周囲からはその怒気で当てられる人も少なくなく、すれ違うたびに驚かれているしまつです。


「大体あやつは女を見ると鼻の下伸ばしすぎなのだ!兄弟として説教したいくらいだ。」

「まぁまぁ。」


そういえばフェイルとフィニーは種族が違えど昔は兄弟のように育ってきたと聞いたんですよね。名前が少し似ているのも兄弟になる証としてフェイルがフィニーに名付けたのだとか…。

でもいまだにわからないのはなぜ従獣の契りという契約をフィニーはフェイルでなく私にしたのでしょう…。

それも追々わかるのでしょうね。


「ここを…右でしたっけ?」

「あぁ、そうだな。」


私達は迷路のような街並みを楽しく探索していると目的地に着いた頃にはお昼になっていました。それにしても魔族の体というのは本当に便利でこの世界に来てまだ何も食べなくてもお腹空かないみたいなんですよね。

空気に漂っている『魔素』が餌だからなんでしょう。

まあ初日から魔素の濃い場所に行ったからなのもあるんですけど…。


ひとまず素材取引場に着いたのですが、すごい人々の活気と熱気でむせ返りそうになりました。

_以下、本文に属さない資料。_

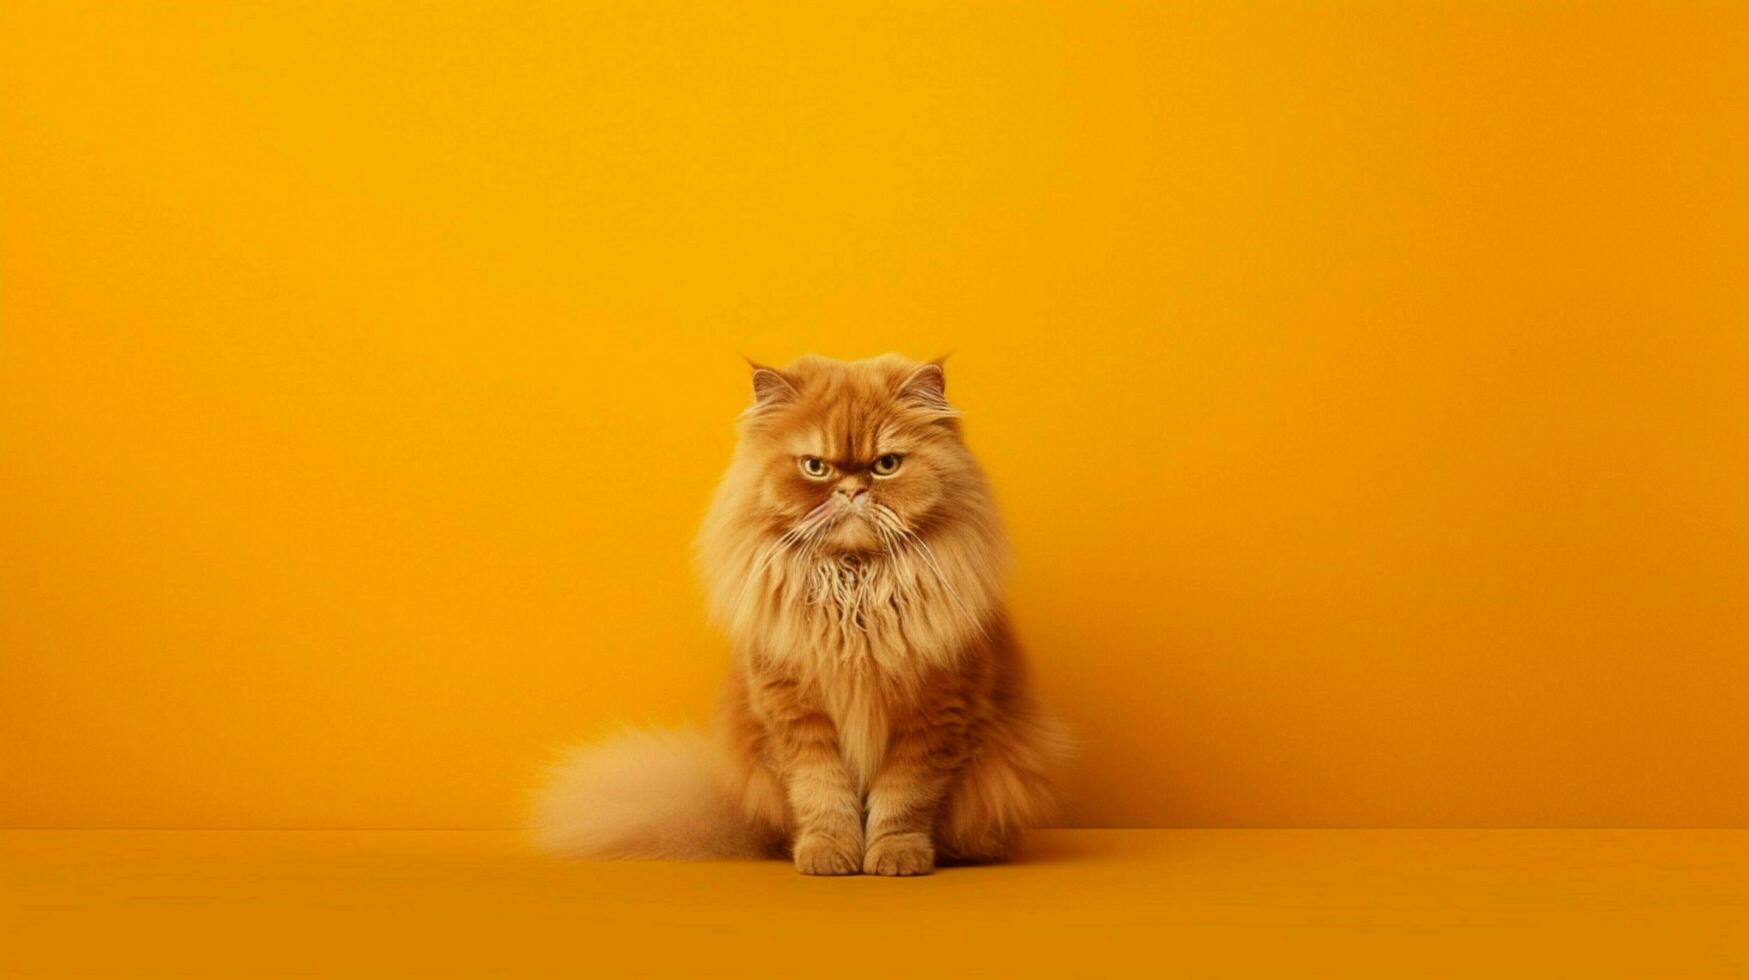 a fluffy orange cat sits on a yellow background photo

フィニーによると場所によっては王都などは生肉、毛皮、植物など乾燥に弱く痛む物は大きい建物内で取引を行ってることが多いのだが、ここは石材の取引が多いため鉱石取引所は開放的な取引所となっていました。

確かにこの人数だと『サウナ状態になりますよ…。』と思いながら私の目的である植物・薬草取引所へ向かうことにしました。


植物・薬草取引所は木造の建物になっており外見は大きめの洋館、内装は木をメインとして作られた棚や壁が特徴的でした。

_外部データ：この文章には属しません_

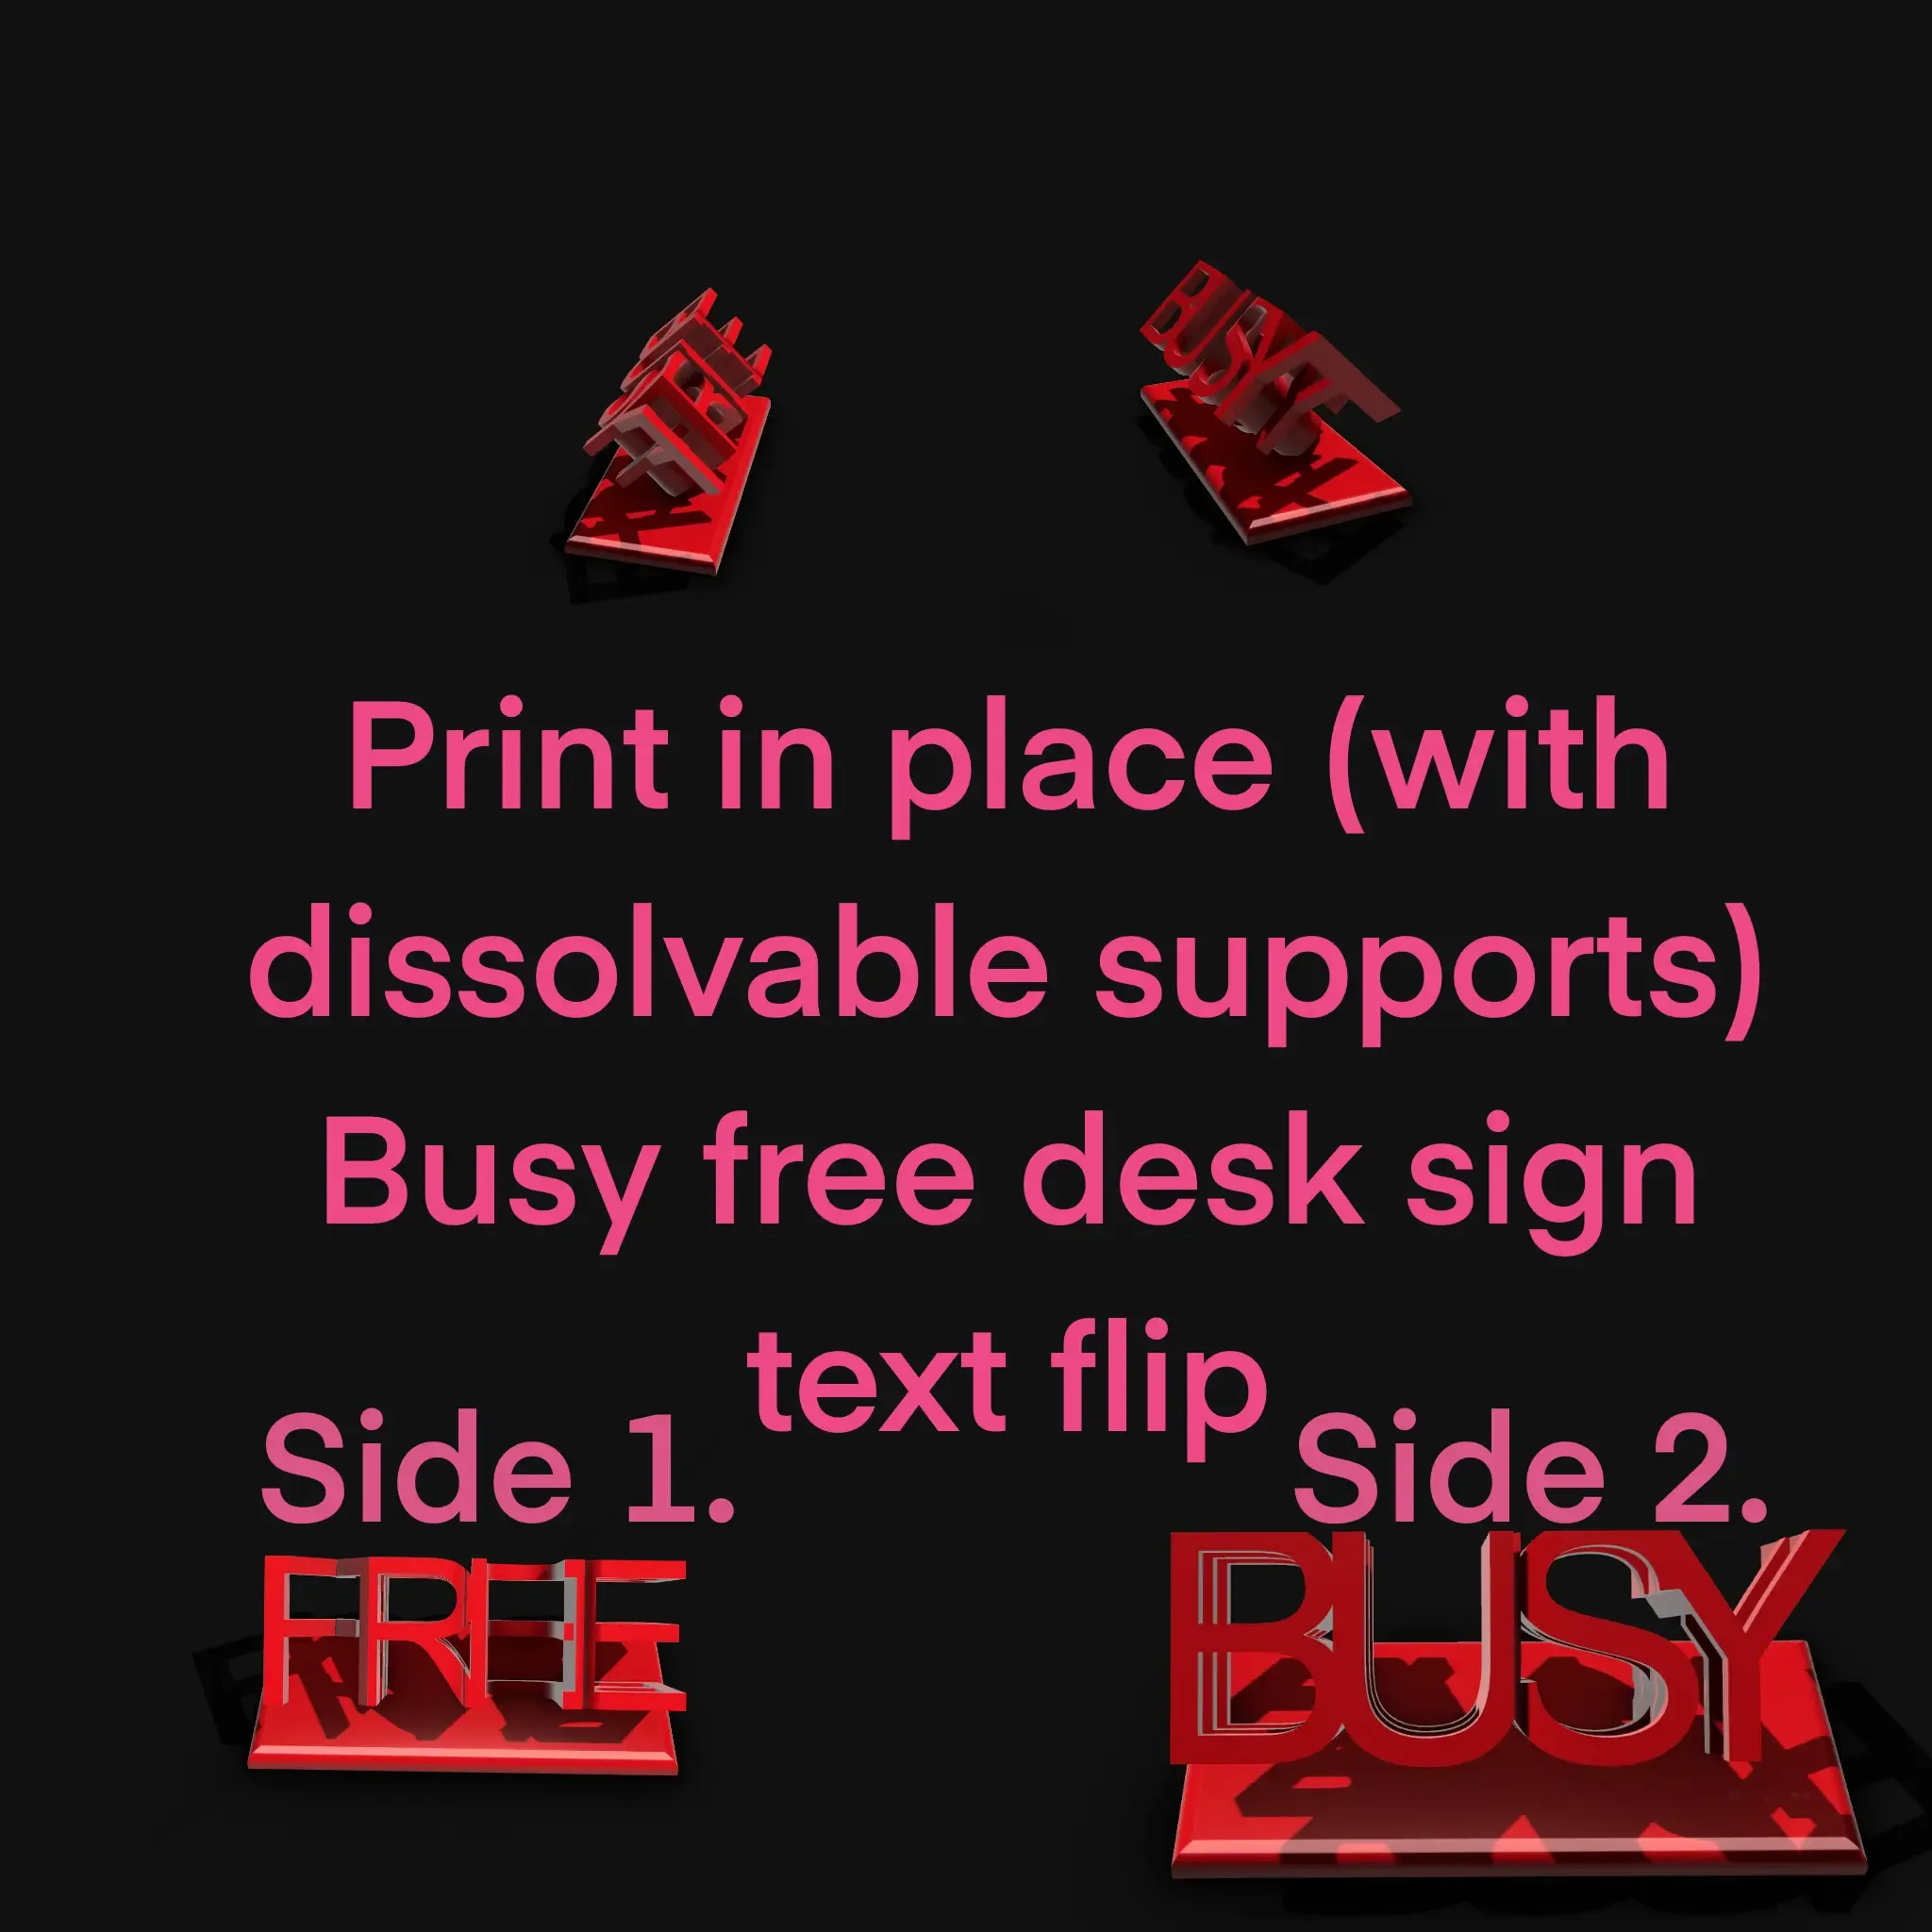 BUSY FREE SIGN (Dissolvable supports)

雰囲気的には冒険者の集うBARの雰囲気が強くどうやらお酒も作っていそうでアルコールの匂いがほのかに漂ってきますね。

活気もそれなりにあり棚に陳列された薬草など真剣にみている人や、買うか悩んでいる人等様々で鉱石には劣るもののかなり賑わっていました。


「おう、いらっしゃい!」


場所に似合わないターバンをして黒いメガネをかけ、ひげを生やしたイカツイ男性が店員をしていました。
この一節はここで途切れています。